Ketika Erdogan terus maju dengan upaya diplomatik di Idlib, Menteri Pertahanan Turki Hulusi Akar, disertai oleh komandan militer, melakukan perjalanan ke perbatasan Turki-Suriah untuk memeriksa pasukan Turki. Dia berbicara dengan pasukan yang dikerahkan di Idlib mengatakan kepada mereka bahwa dia percaya mereka akan "berhasil" dalam tugas mereka di Suriah.

Juga pada hari Jumat, pesawat-pesawat tempur Rusia menyerang daerah-daerah yang dikuasai pemberontak di wilayah itu ketika gerilyawan dan pasukan pemerintah bertukar tembakan artileri dan mortir di bagian lain provinsi Idlib, markas pemberontak terakhir di negara itu, kata aktivis oposisi.

Serangan pemerintah yang didukung Rusia terhadap Idlib dan beberapa bagian provinsi Aleppo telah menyebabkan perpindahan lebih dari 900.000 orang, setengah dari mereka adalah anak-anak, sejak 1 Desember, menurut U.N.

Pada hari Jumat, Oleg Zhuravlyov, kepala Pusat Rekonsiliasi militer Rusia di Suriah, membantah bahwa "ratusan ribu penduduk yang damai di provinsi (Idlib)" dipaksa ke perbatasan dengan Turki.

"Tidak ada foto atau video materi yang dapat diverifikasi atau bukti lain yang akan mengkonfirmasi pernyataan tentang sekitar satu juta pengungsi dari zona eskalasi Idlib bergerak menuju perbatasan Suriah-Turki," katanya.

Pusat itu mendesak Turki untuk "mengambil semua langkah yang diperlukan untuk memastikan perjalanan sukarela dan aman bagi penduduk bagian timur dan selatan Idlib ke daerah-daerah yang dikendalikan oleh pemerintah Suriah."

Para pejabat Rusia mengatakan mereka menganggap Turki bertanggung jawab atas runtuhnya perjanjian gencatan senjata di Idlib, dengan mengatakan bahwa Ankara tidak mengekang militan yang terus menyerang sasaran-sasaran Suriah dan Rusia.

Ketegangan di wilayah itu meningkat dalam beberapa pekan terakhir ketika Turki mengirim ribuan tentara ke Suriah untuk unjuk kekuatan.

Setidaknya 15 tentara Turki telah tewas di Suriah pada Februari di tengah serangan oleh pasukan Presiden Suriah Bashar Assad yang bertujuan merebut kembali daerah-daerah yang dikuasai oposisi di kawasan itu.

Observatorium Suriah untuk Hak Asasi Manusia yang berpusat di Inggris melaporkan serangan udara Rusia di dekat benteng pemberontak Atareb, Ariha dan Qmenas.
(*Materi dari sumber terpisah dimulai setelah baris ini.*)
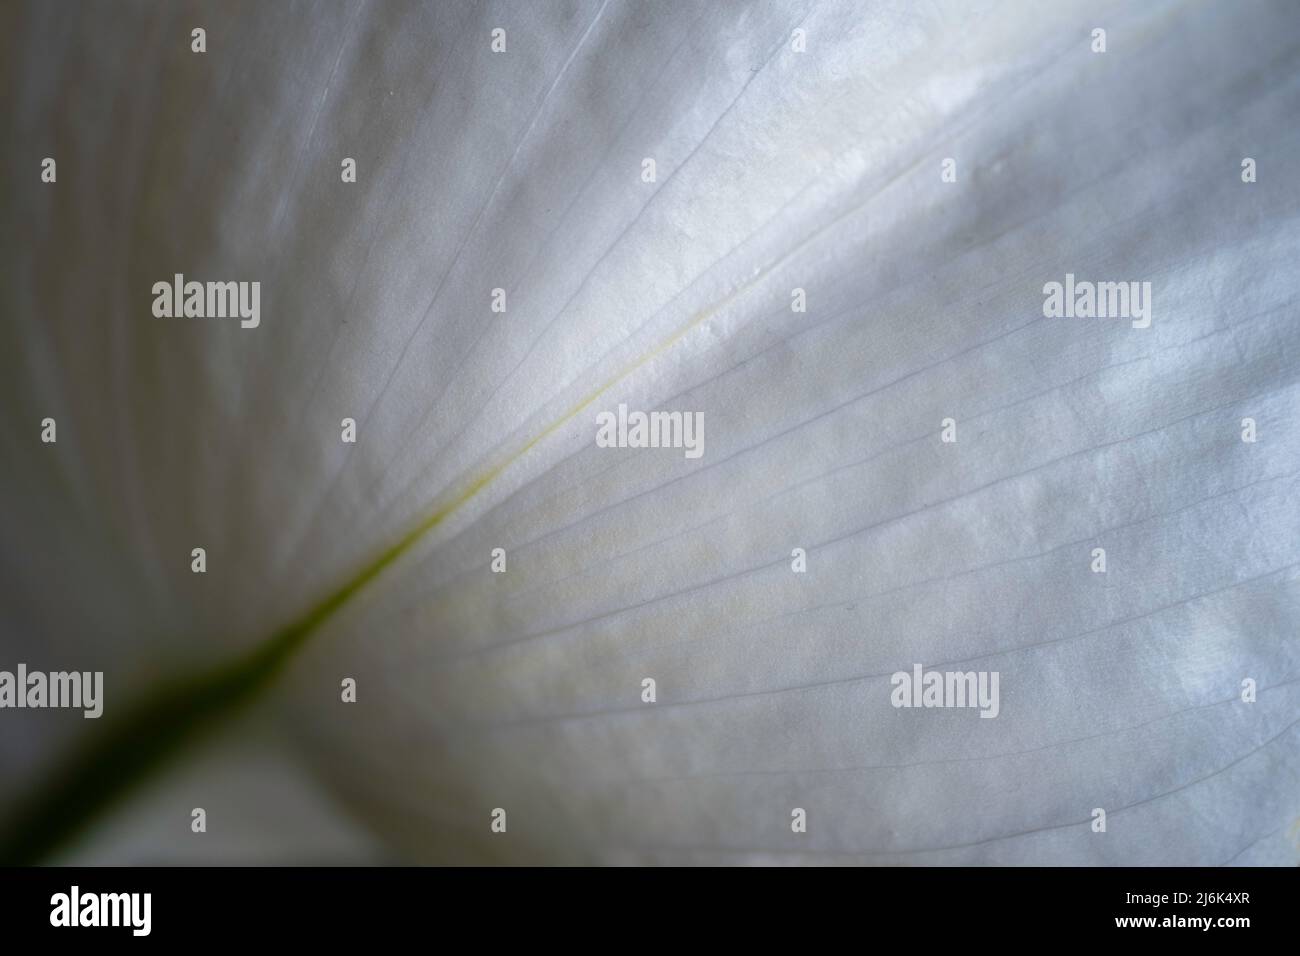 Close up of a single thin-veined petal of the white flower called Spath of Peace Lilly (Spathiphyllum cochlearispathum) with narrow depth of field Stock Photo

Ia menambahkan bahwa di tepi selatan Idlib, pasukan Turki dan pemberontak bertukar penembakan dengan pasukan pemerintah Suriah.

Akram al-Ahmad, seorang aktivis oposisi Suriah yang bermarkas di Turki yang mengepalai kelompok pemantau yang disebut Pusat Pers Suriah, mengatakan pemboman Rusia menghantam kota Sarmin dan Atareb yang dikuasai pemberontak.